Personal information
- Born: 25 July 1986 (age 39)
- Original team: Donald / Bendigo U18
- Debut: Round 19, 2005, Brisbane Lions vs. Hawthorn, at the Gabba
- Height: 193 cm (6 ft 4 in)
- Weight: 89 kg (196 lb)

Playing career^{1}
- Years: Club / Games (Goals)
- 2005: Brisbane Lions / 2 (1)
- 2006: Western Bulldogs / 3 (4)
- Total:  / 5 (5)
- ^{1} Playing statistics correct to the end of 2006.

= Travis Baird =

Australian rules football player

Travis Baird (born 25 July 1986) is an Australian rules football player who was drafted by the Western Bulldogs from the Brisbane Lions in the 2005 AFL draft (3rd round, number 46 overall).

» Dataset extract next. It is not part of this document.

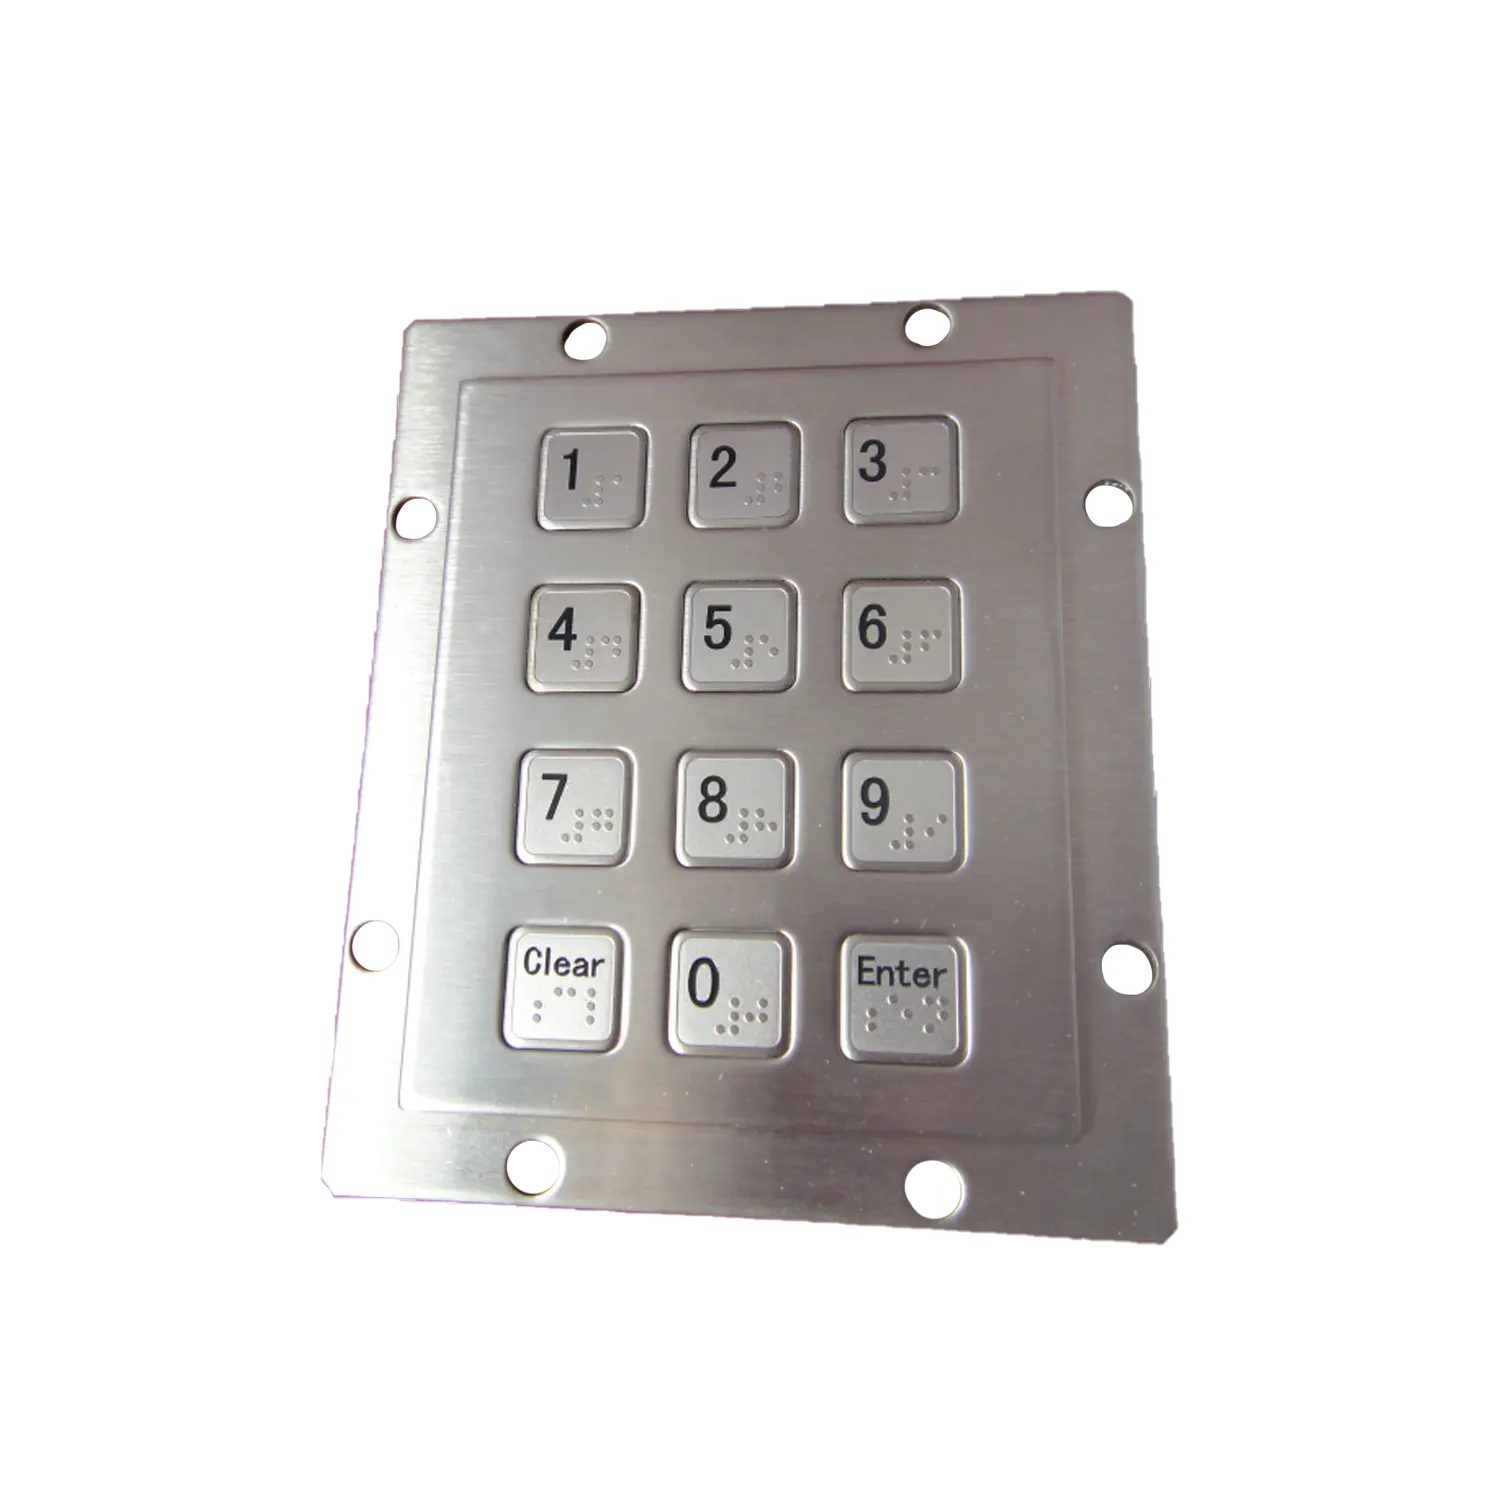 Industria inoxidable duradero 12 teclas teclado numérico de acero inoxidable teclado impermeable con puntos braille

He played 3 games with the Bulldogs, and played 2 games with Brisbane in 2005.

==Overview==
Baird was destined to spend the rest of 2006 on Brisbane's rookie list, and thus took the decision to enter the draft at the end of 2005. He played most of 2005 with the Suncoast Lions in the AFLQ as a midfielder, showing enough ability to be promoted to Brisbane's senior list in the second half of the season, where he played two senior games.

Following the 2007 AFL season Baird was delisted by the Western Bulldogs, after he was unable to secure a single senior game for the year.